With offline more blurred so that children understand reality and fiction has become a more important on the difference between the porn itself. "Photo service software Instagram harm and pornographic content, you must also tell your child," Jelinek said, " show thing in the social software is not real life, publishing content on these platforms is carefully edited by users themselves, when in fact they were not always so happy . Unhappy is normal, and to be honest, my social media concerns about the impact on a child's self-esteem more than pornography. Instagram smile every day is very bad behavior, it's better than watching two sexual intercourse against much larger. ”


如何对小孩进行性教育?《花花公子》内容总监如是说 - 性教育,花花公子 - IT资讯

在你的儿童时代,父母总是会担心你在某个朋友的家中过夜。如果说这位朋友的父母恰好有付费观看色情节目频道的习惯,抑或他的大哥哥收藏了一整沓的《花花公子》杂志,你幼小的心灵就会被色情玷污,而你的父母本身有义务将他们自己的色情内容锁在你不知道的地方。
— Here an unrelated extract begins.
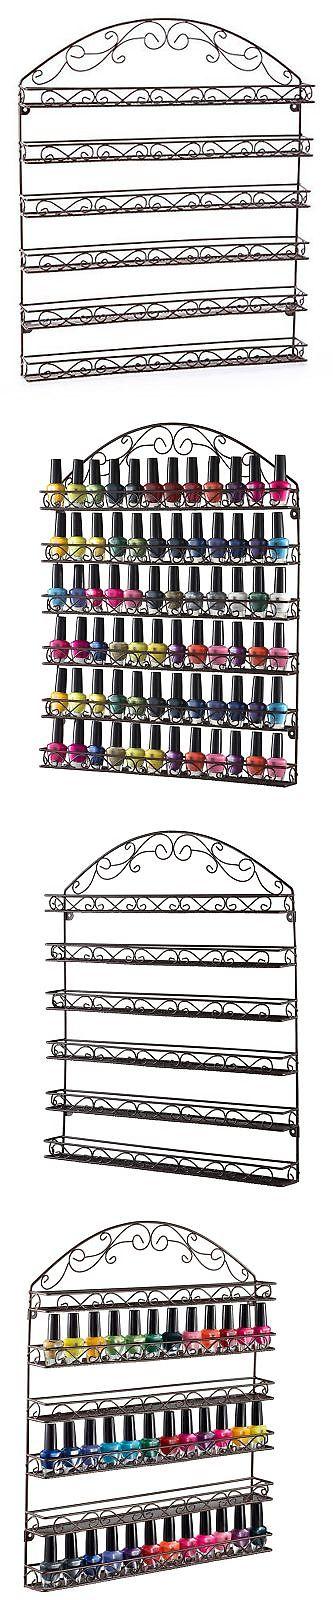 Nail Practice and Display: Home-It Nail Polish Rack Nail Polish ...
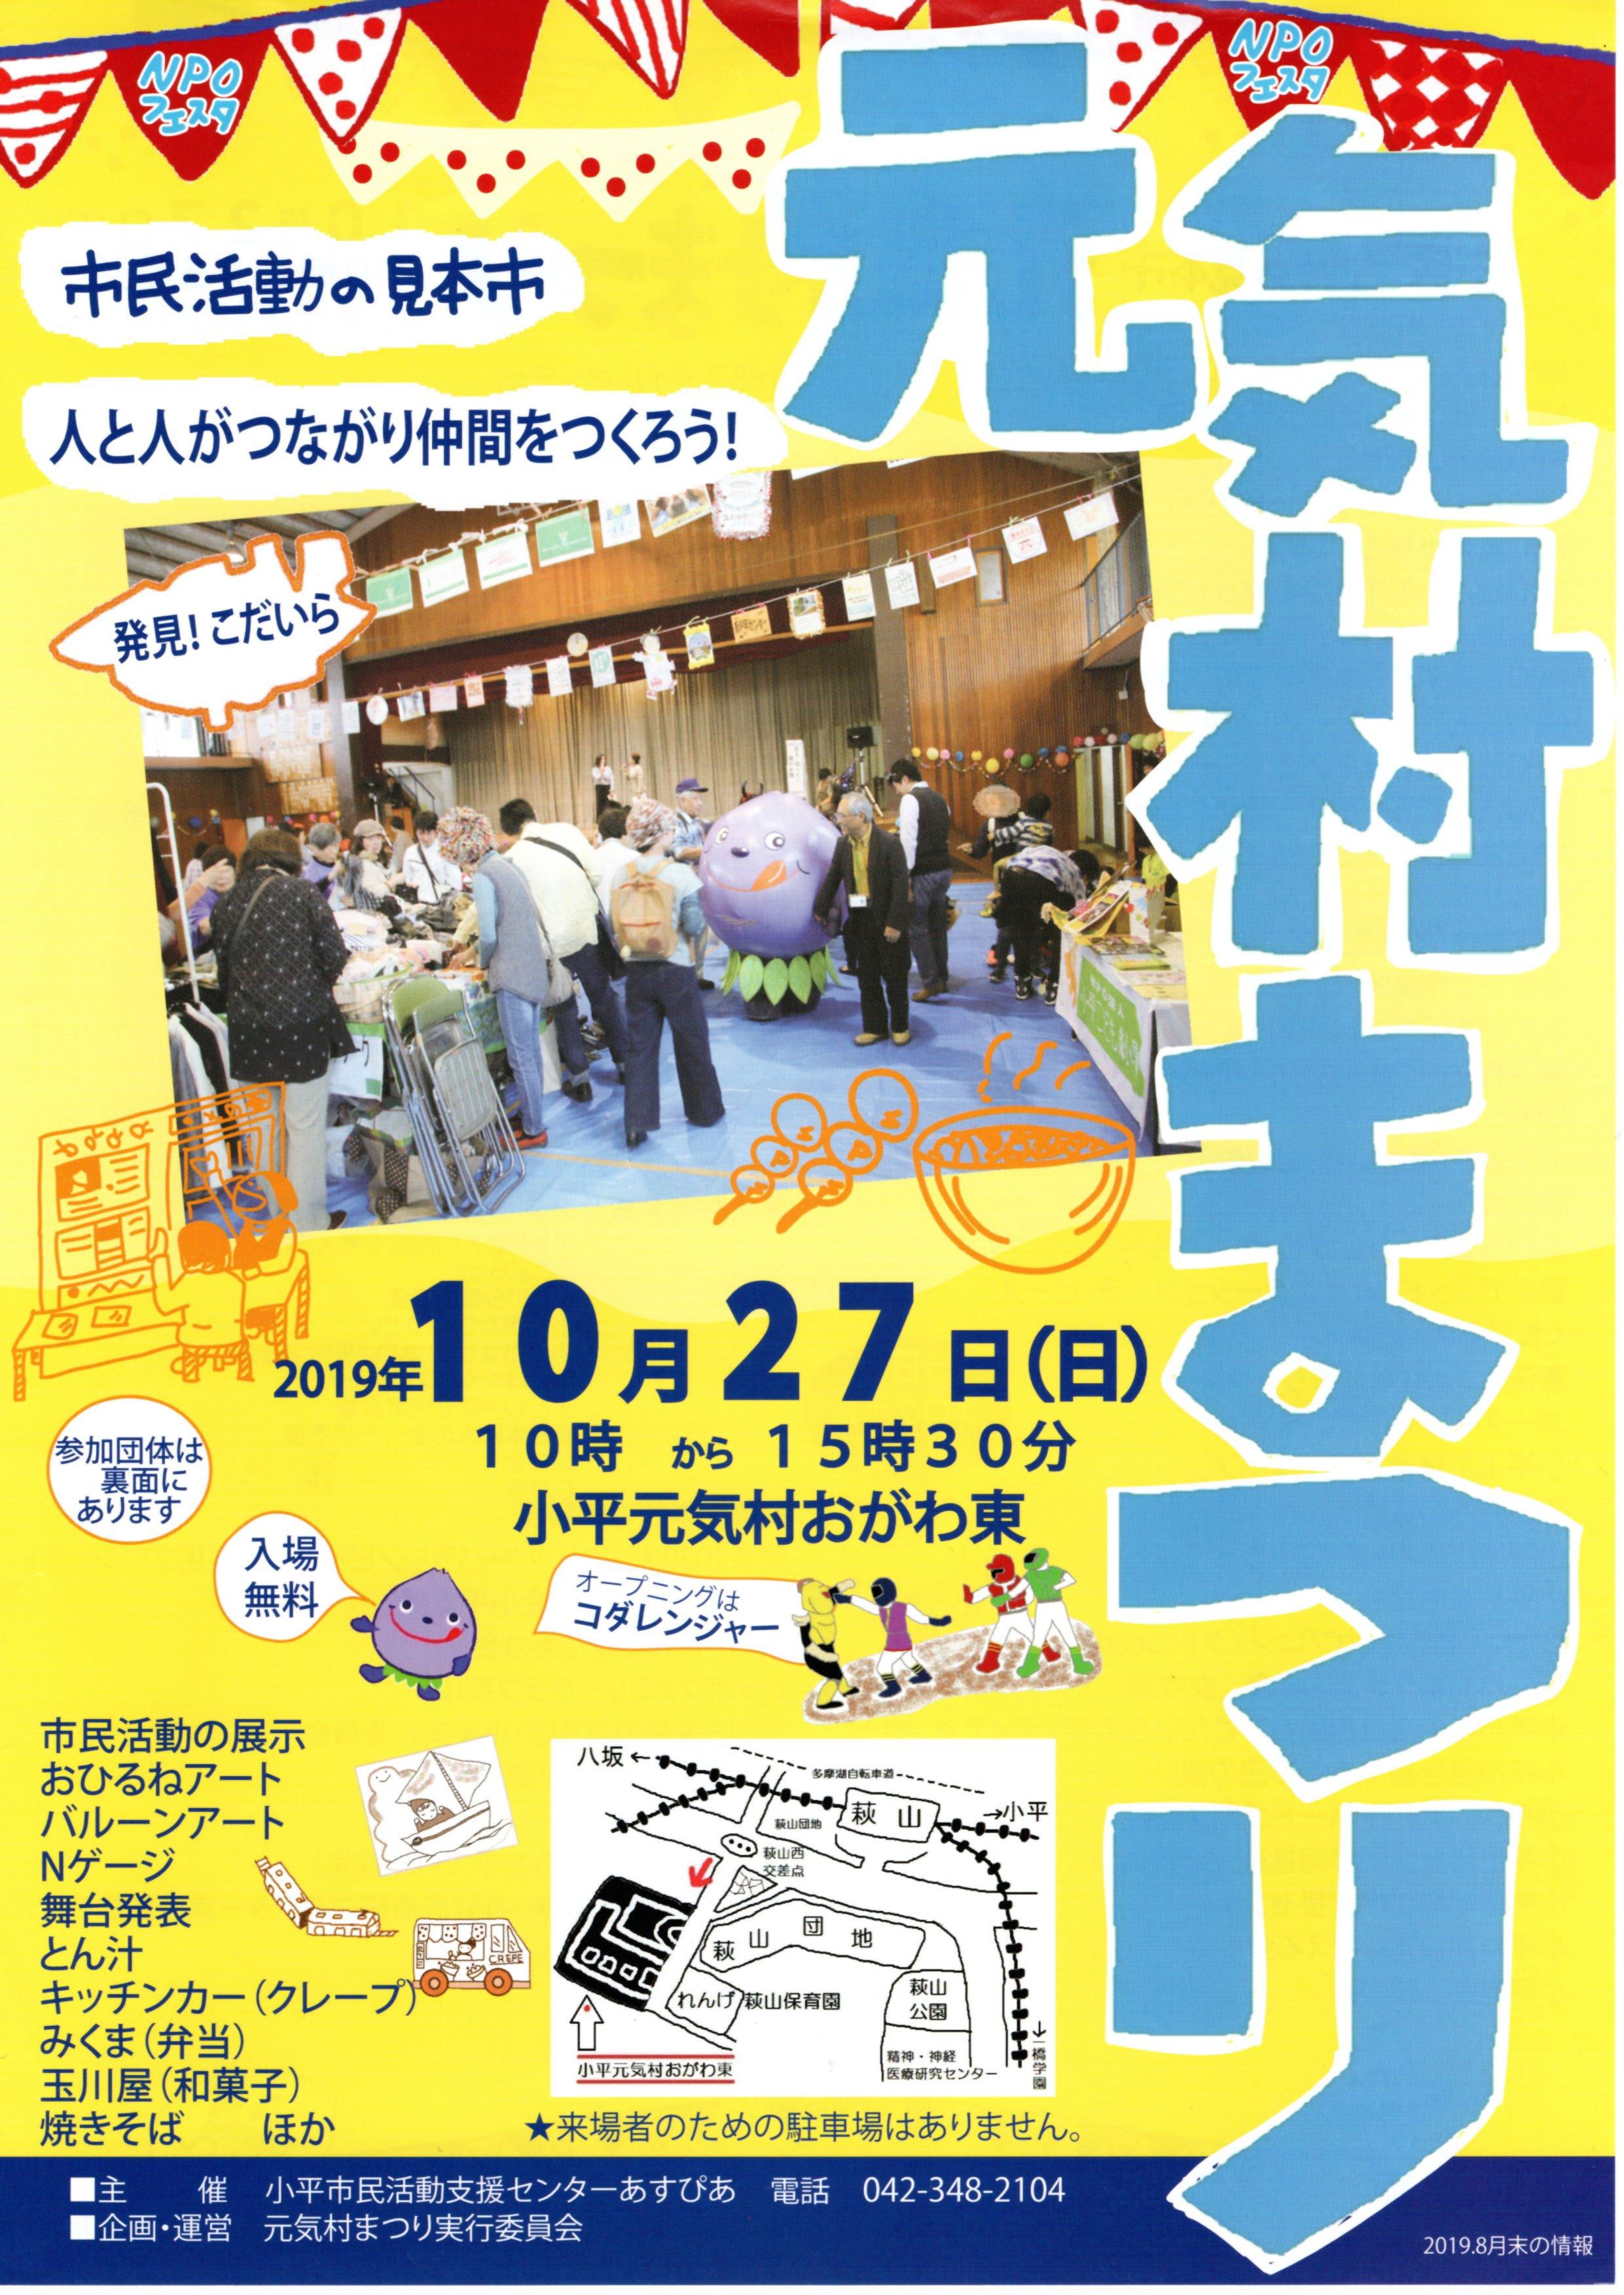 元気村まつりは市民活動の見本市です

但是,今天有92%的男孩和62%的女孩都接触过网络色情内容,毕竟这种东西自始至终都存在于互联网空间中,对色情内容实现有效控制或管理这种的事情想想都会令人发疯。

不过,《花花公子》杂志的内容总监吉米·杰利内克(Jimmy Jellinek)并不这么想,考虑到自己的日常工作职责,他心中的担忧可能比你还多。杰利内克本人育有一个10岁的女儿和一个6岁的儿子,而他自己已经在男性色情媒体行业工作了近20年。在如何回答孩子们提出的“那个男人在对那个女人做什么”这样的问题上,杰利内克的答案显得既深刻又低调

这并不是在说杰利内克不担心色情对儿童的影响,其实他很担心这个问题,但是,杰利内克的想法或许与你有所差异。以下就是他对儿童性教育给出的一些建议。

对孩子定义“性”

“性”是成人之间健康而有趣的感情表达方式,不过杰利内克并没有停留在这一个论点上。“在我的家中,性并不是一个男人和一个女人之间的事情,”杰利内克说,“它是两个相爱的人之间的事情,男人与男人或者女人与女人之间也是可以的。如果你将这些选项抹杀了,那么在小孩遇到有关性的内容时他们就会感到迷惑,所以我要将它们全盘托出。”

然后向他们解释“色情”

你需要让小孩明白色情并未反映现实,它们是虚构的产物。”杰利内克说,“可能这些概念对于孩子而言有些太大了,所以你需要将事情说得很简单。告诉他们一切从屏幕上显示出来的东西都不是真实的,一些未来主义者可能会反对我,但是这都无所谓。”

接着阐释“性”和“色情”的区别

除了爱与情感,最能定义性的因素就是性行为中成人之间的相互尊重。并不是所有色情作品都会将性行为中的某个人放在卑贱的位置上,但是你需要让孩子理解其中的差异。杰利内克说:“我们要教给孩子性与爱的优美之处,这样他们才能在一种语境下感受这一切。”这有助于他们将明显有失尊重的内容辨别出来。“此时他们应该明白,有辱某人尊严的东西是很无聊的。”

为孩子设定接触边界

你无法将孩子与色情内容完全隔绝,但是你可以向他们解释为什么观看这些内容是不对的。你需要努力为他们构建起道德坐标并确保他们能够理解并运用这一坐标。“一个10岁的孩子不应该接触色情内容,这就像他们不应该饮酒嗑药一样,”杰利内克说,“饮酒嗑药看黄片本身没有道德属性,但是我能做这些事是因为我是一个成人。”

最后帮助他们理解网络内容的更大危害

随着线上线下的界限愈加模糊,让孩子理解真实与虚构之间区别的重要性已经超过了色情本身。“图片社交软件Instagram的危害与色情内容相当,你必须将这些东西也告诉自己的孩子,”杰利内克说,“社交软件上展示的东西不是真实的生活,发布在这些平台上的内容是使用者精心编辑过的自己,而实际上他们并非时时刻刻都那么开心。不开心是正常的,老实说,我对社交媒体对孩子自尊造成冲击的担忧大于色情内容。每天在Instagram发笑脸实在是非常有害的行为,这比观看两个人性交的危害大得多。”